Artificial Intelligence Model Predicts Sudden Cardiac Arrest Manifesting With Pulseless Electric Activity Versus Ventricular Fibrillation

Author:

Holmstrom Lauri12ORCID,Bednarski Bryan1ORCID,Chugh Harpriya2ORCID,Aziz Habiba2ORCID,Pham Hoang Nhat2,Sargsyan Arayik2,Uy-Evanado Audrey2ORCID,Dey Damini1ORCID,Salvucci Angelo3ORCID,Jui Jonathan4ORCID,Reinier Kyndaron2ORCID,Slomka Piotr J.1ORCID,Chugh Sumeet S.12ORCID

Affiliation:

1. Division of Artificial Intelligence in Medicine, Department of Medicine (L.H., B.B., D.D., P.J.S., S.S.C.)

2. Center for Cardiac Arrest Prevention, Department of Cardiology, Smidt Heart Institute, Cedars-Sinai Health System, Los Angeles (L.H., H.C., H.A., H.N.P., A.S., A.U.-E., K.R., S.S.C.).

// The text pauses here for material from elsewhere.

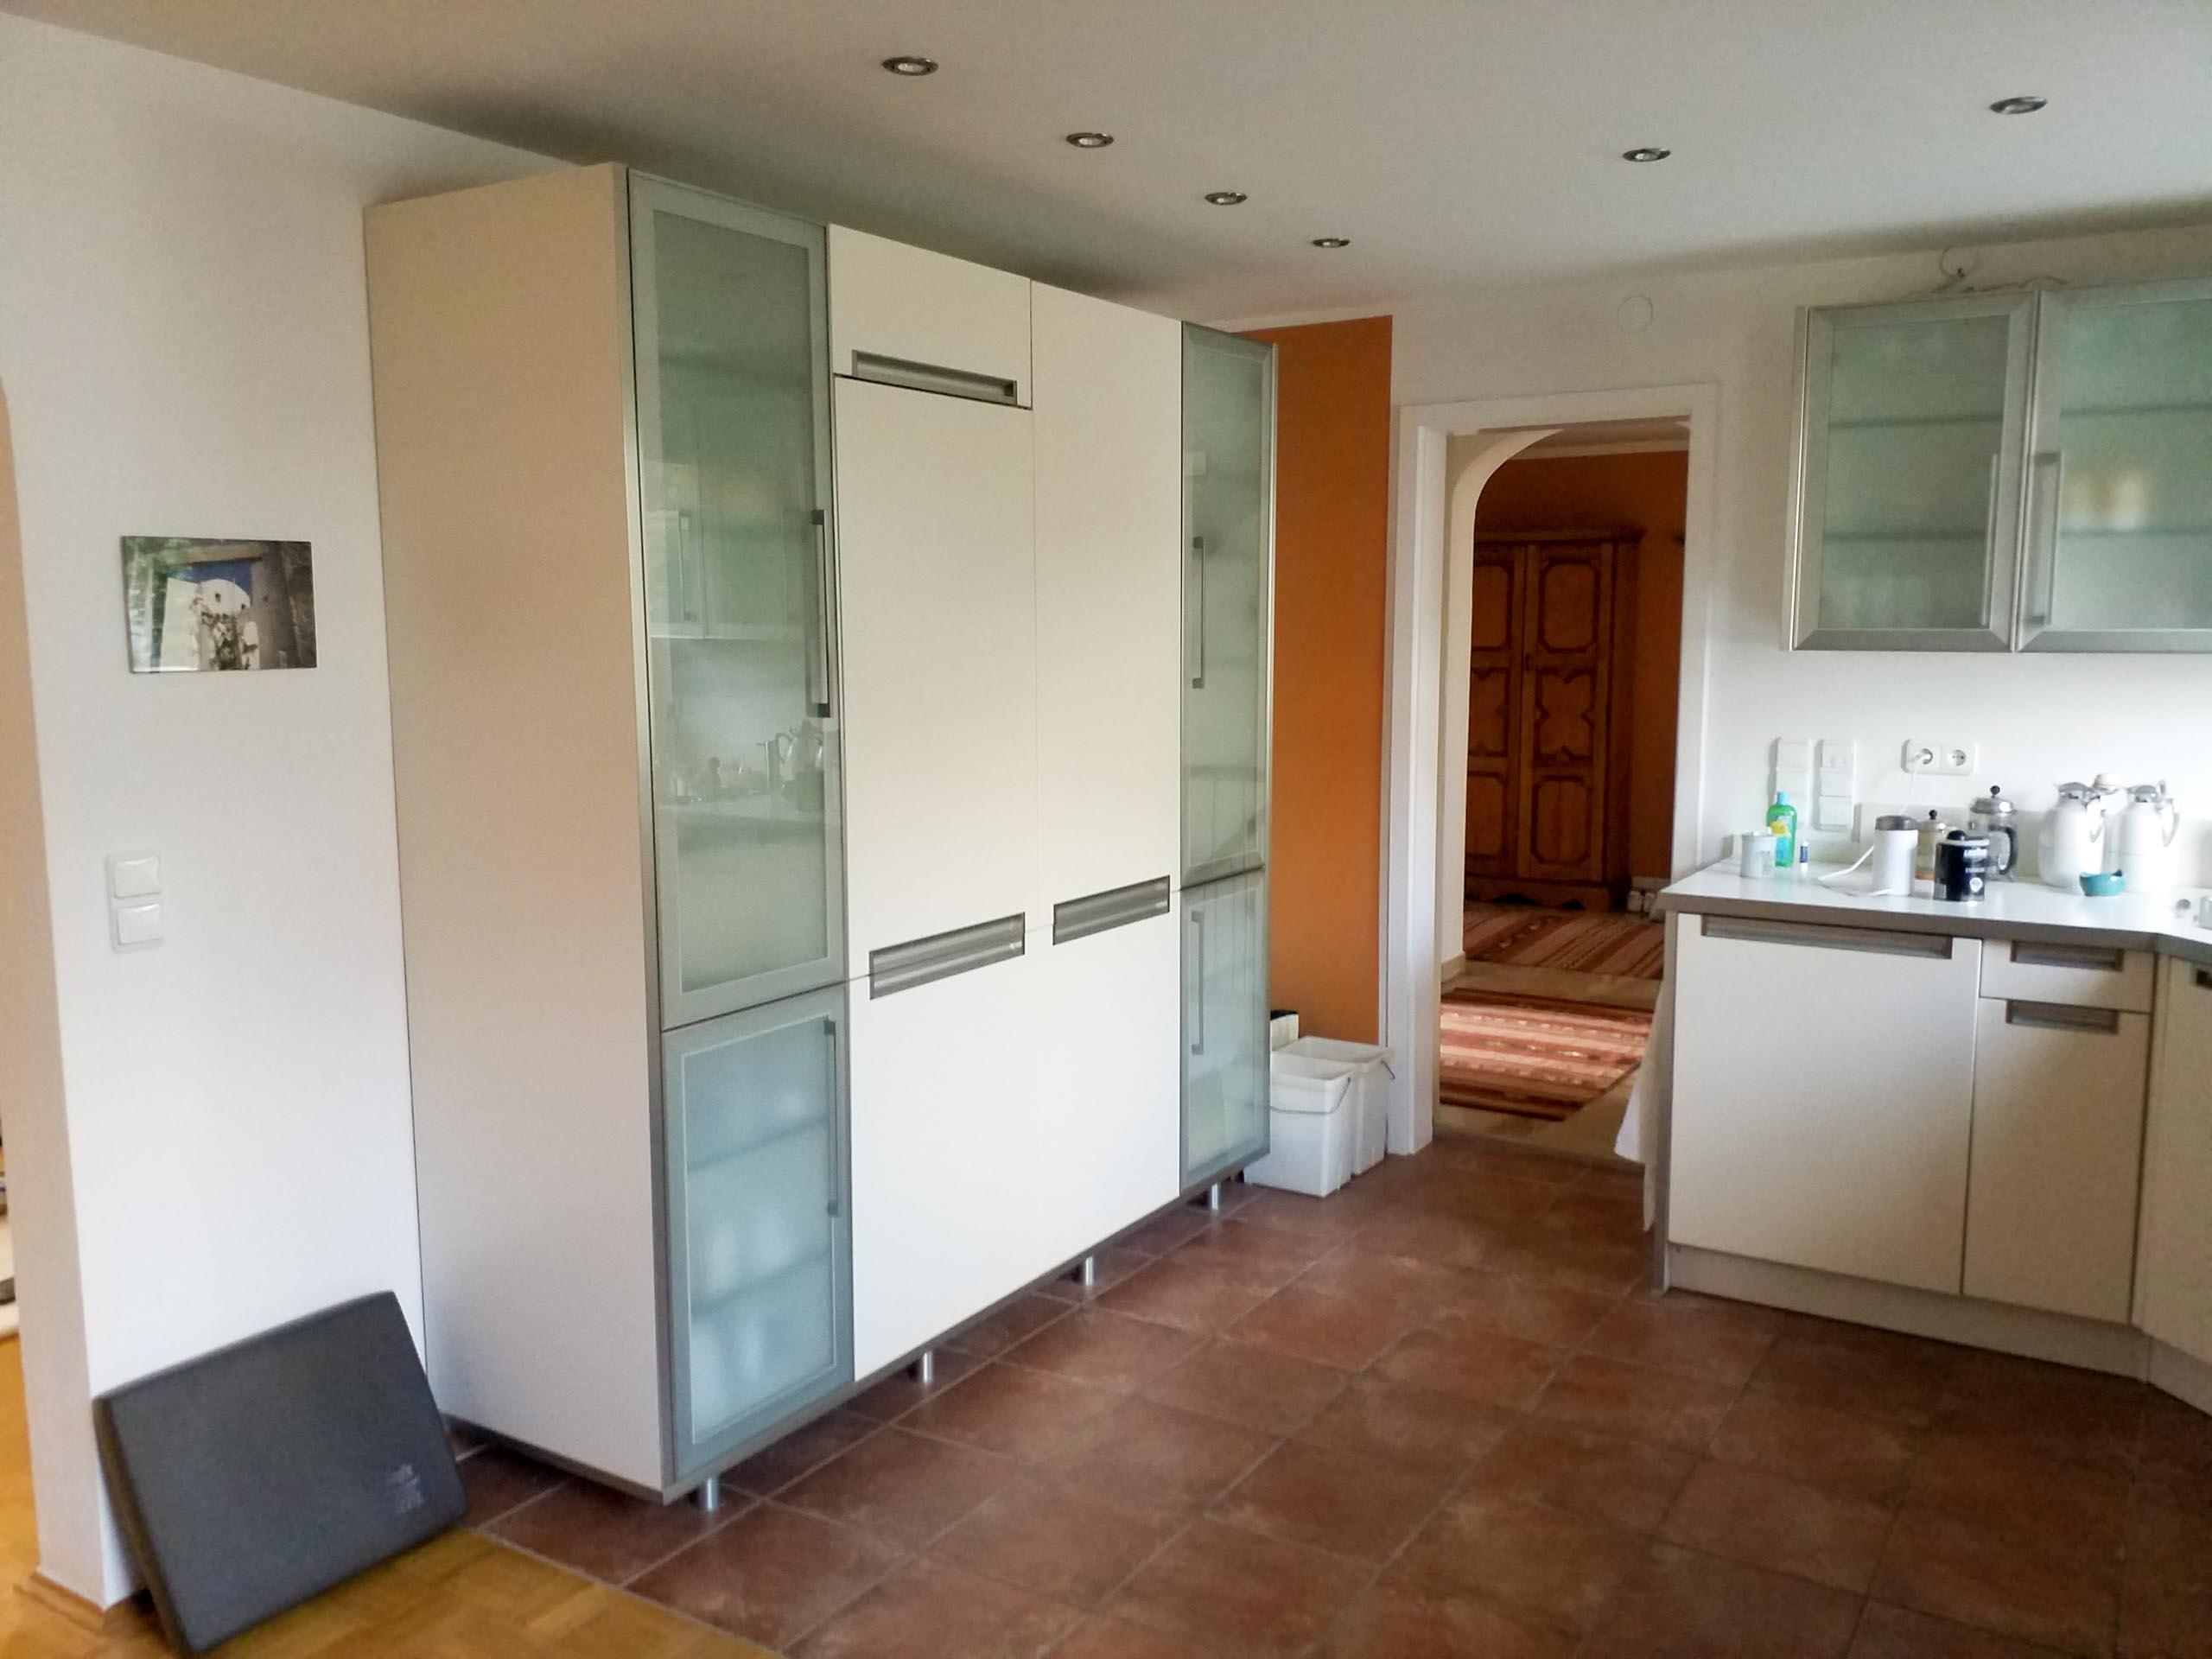 HA 2020 5 kitchen 001

3. Ventura County Health Care Agency, Ventura, CA (A.S.).

4. Department of Emergency Medicine, Oregon Health and Science University, Portland, OR (J.J.).

Abstract

BACKGROUND: There is no specific treatment for sudden cardiac arrest (SCA) manifesting as pulseless electric activity (PEA) and survival rates are low; unlike ventricular fibrillation (VF), which is treatable by defibrillation. Development of novel treatments requires fundamental clinical studies, but access to the true initial rhythm has been a limiting factor. METHODS: Using demographics and detailed clinical variables, we trained and tested an AI model (extreme gradient boosting) to differentiate PEA-SCA versus VF-SCA in a novel setting that provided the true initial rhythm. A subgroup of SCAs are witnessed by emergency medical services personnel, and because the response time is zero, the true SCA initial rhythm is recorded. The internal cohort consisted of 421 emergency medical services-witnessed out-of-hospital SCAs with PEA or VF as the initial rhythm in the Portland, Oregon metropolitan area. External validation was performed in 220 emergency medical services-witnessed SCAs from Ventura, CA. RESULTS: In the internal cohort, the artificial intelligence model achieved an area under the receiver operating characteristic curve of 0.68 (95% CI, 0.61–0.76). Model performance was similar in the external cohort, achieving an area under the receiver operating characteristic curve of 0.72 (95% CI, 0.59–0.84). Anemia, older age, increased weight, and dyspnea as a warning symptom were the most important features of PEA-SCA; younger age, chest pain as a warning symptom and established coronary artery disease were important features associated with VF. CONCLUSIONS: The artificial intelligence model identified novel features of PEA-SCA, differentiated from VF-SCA and was successfully replicated in an external cohort. These findings enhance the mechanistic understanding of PEA-SCA with potential implications for developing novel management strategies.